**WORK INSTRUCTIONS**: Return the run of lines below that opens with the line containing "Portrait of a young Jean Sibelius." and closes with the line containing "Virginia Gibson Singer", keeping each one exact.

**DATA RECORDS**:
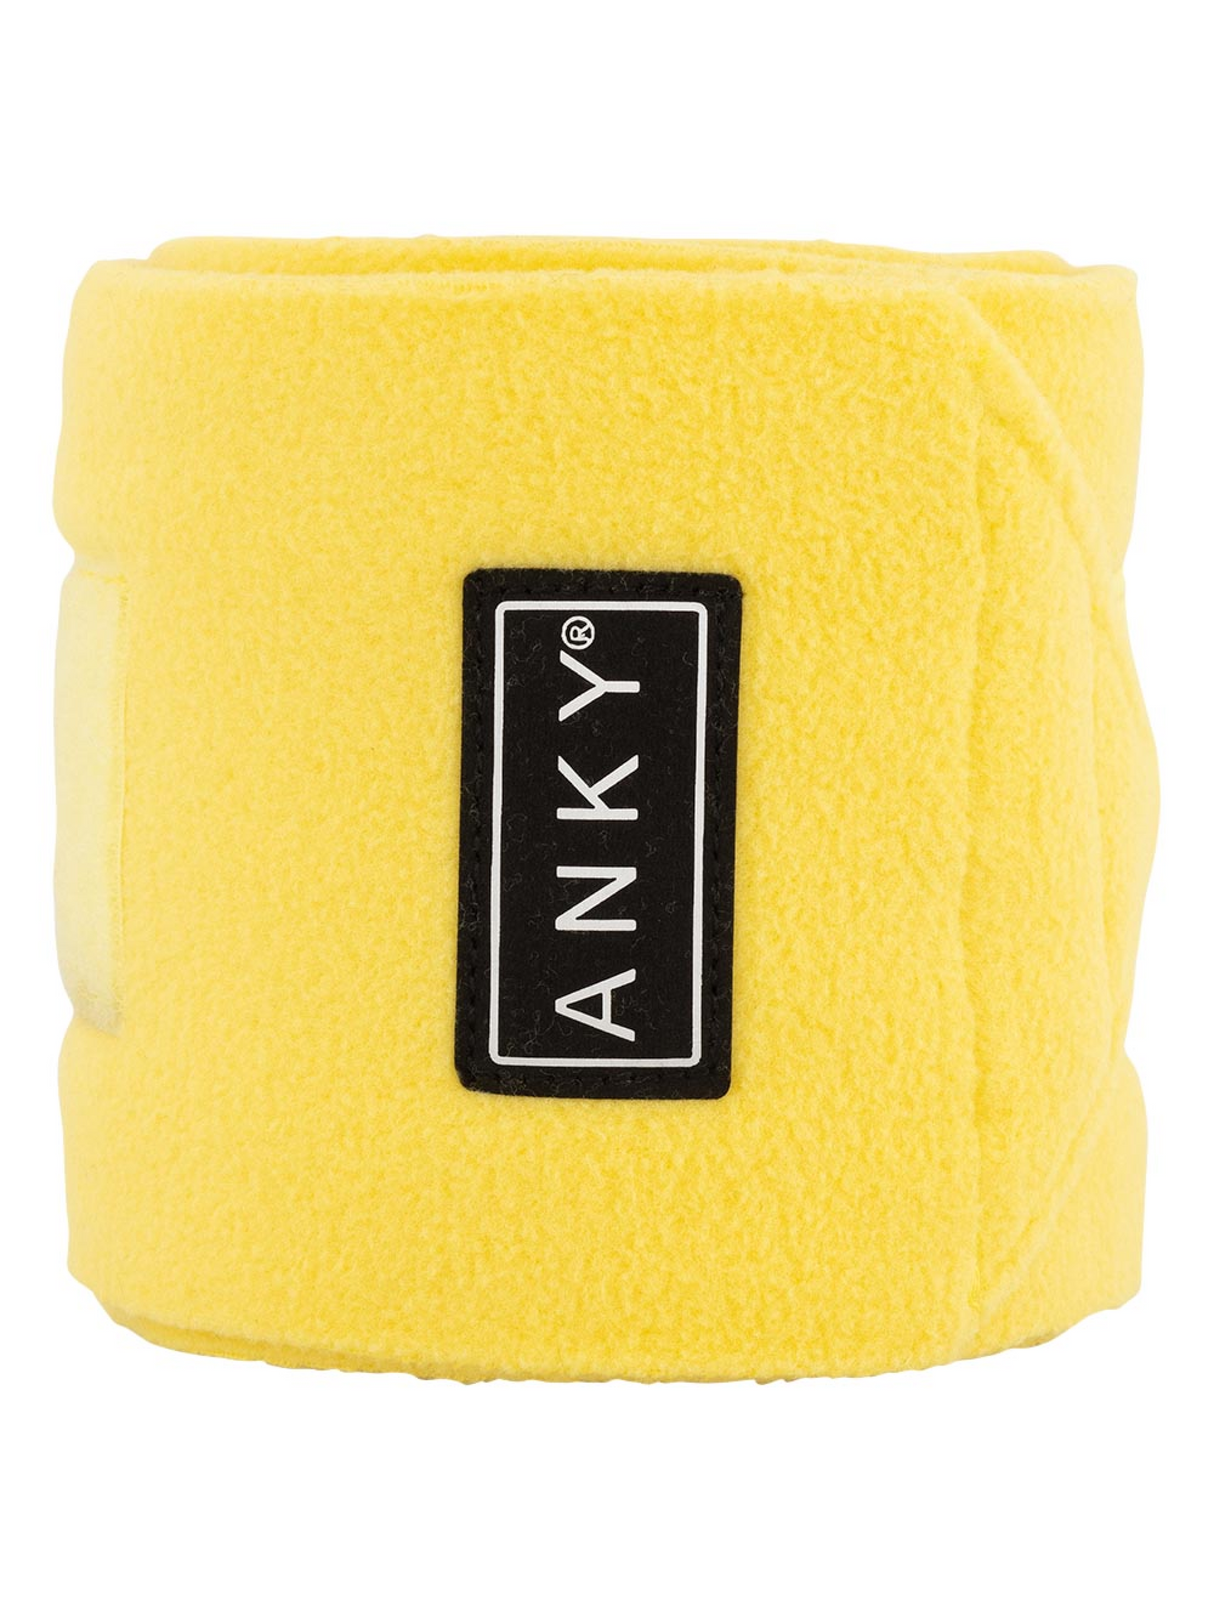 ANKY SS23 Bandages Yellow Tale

--

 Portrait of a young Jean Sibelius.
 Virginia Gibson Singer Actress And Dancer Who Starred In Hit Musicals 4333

---

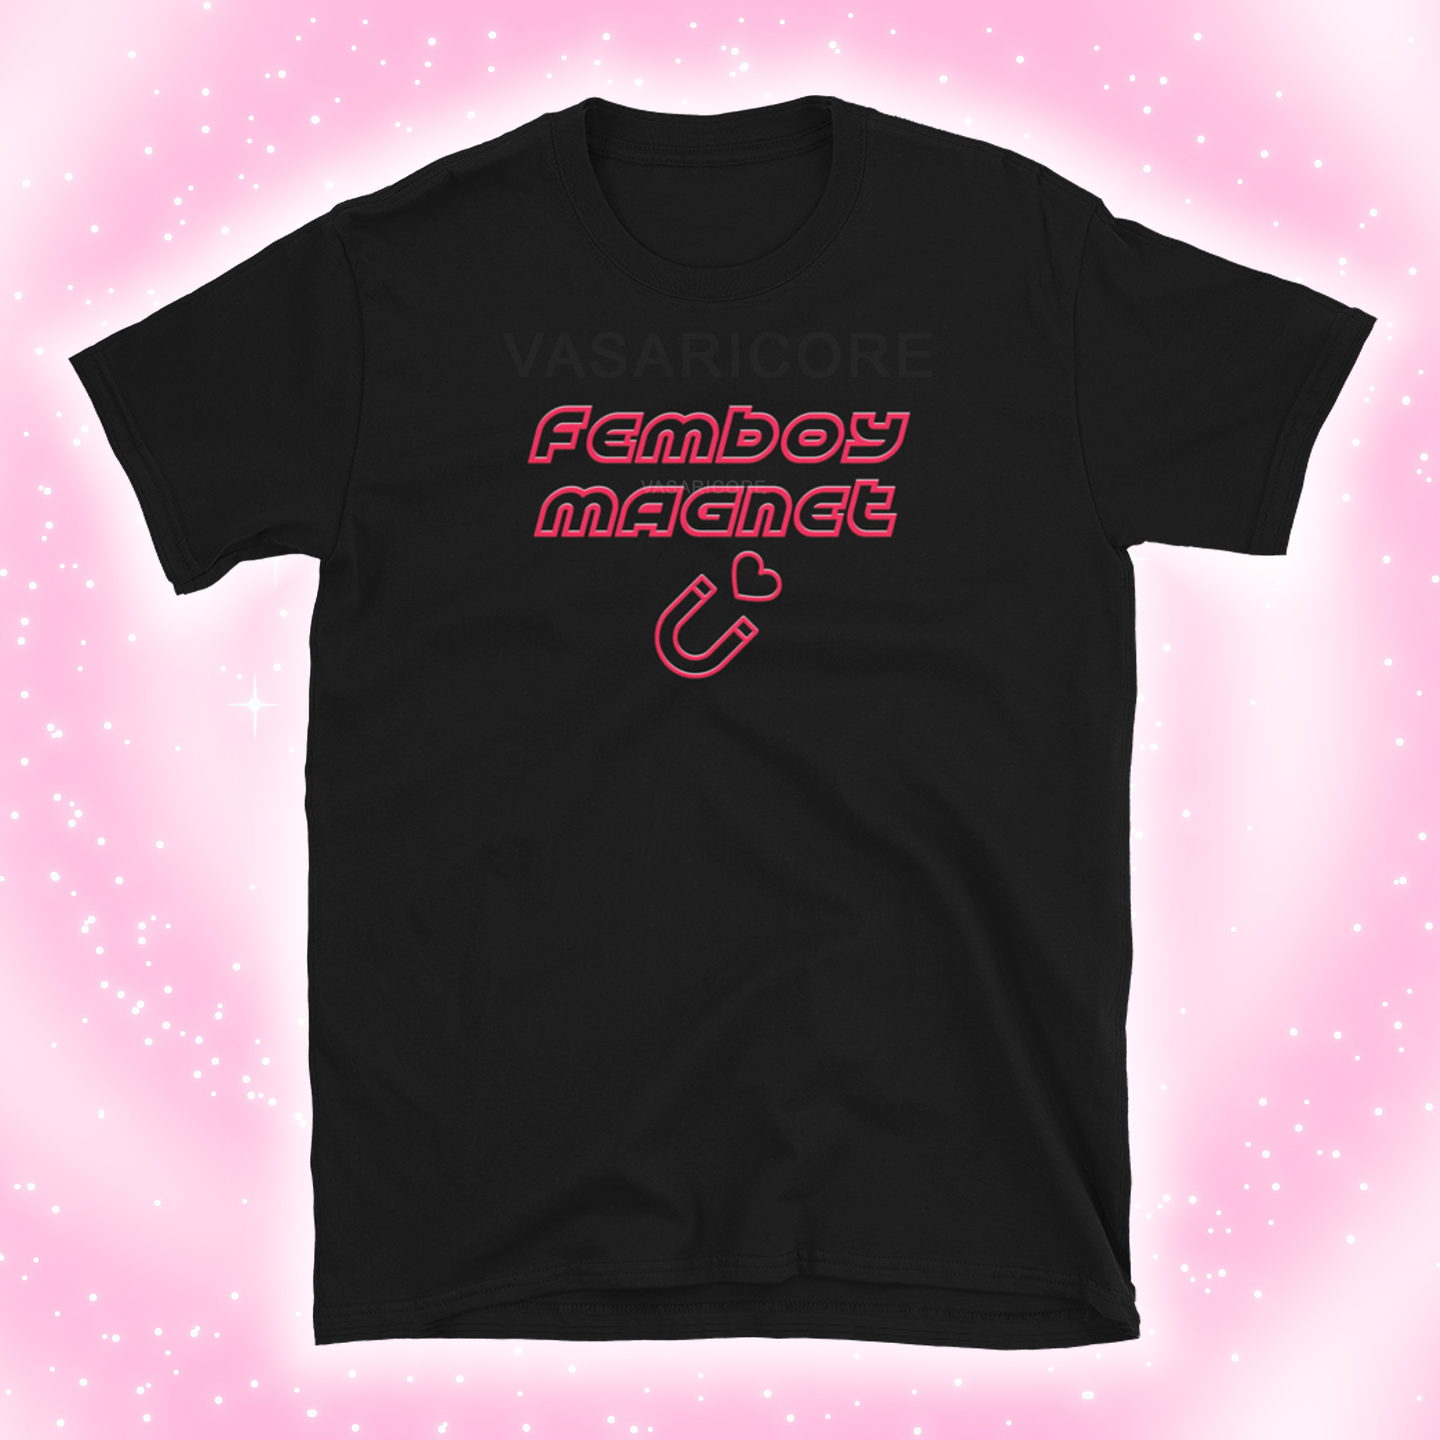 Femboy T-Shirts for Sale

**WRITTEN ANSWER**:
 Portrait of a young Jean Sibelius.
 Virginia Gibson Singer Actress And Dancer Who Starred In Hit Musicals 4333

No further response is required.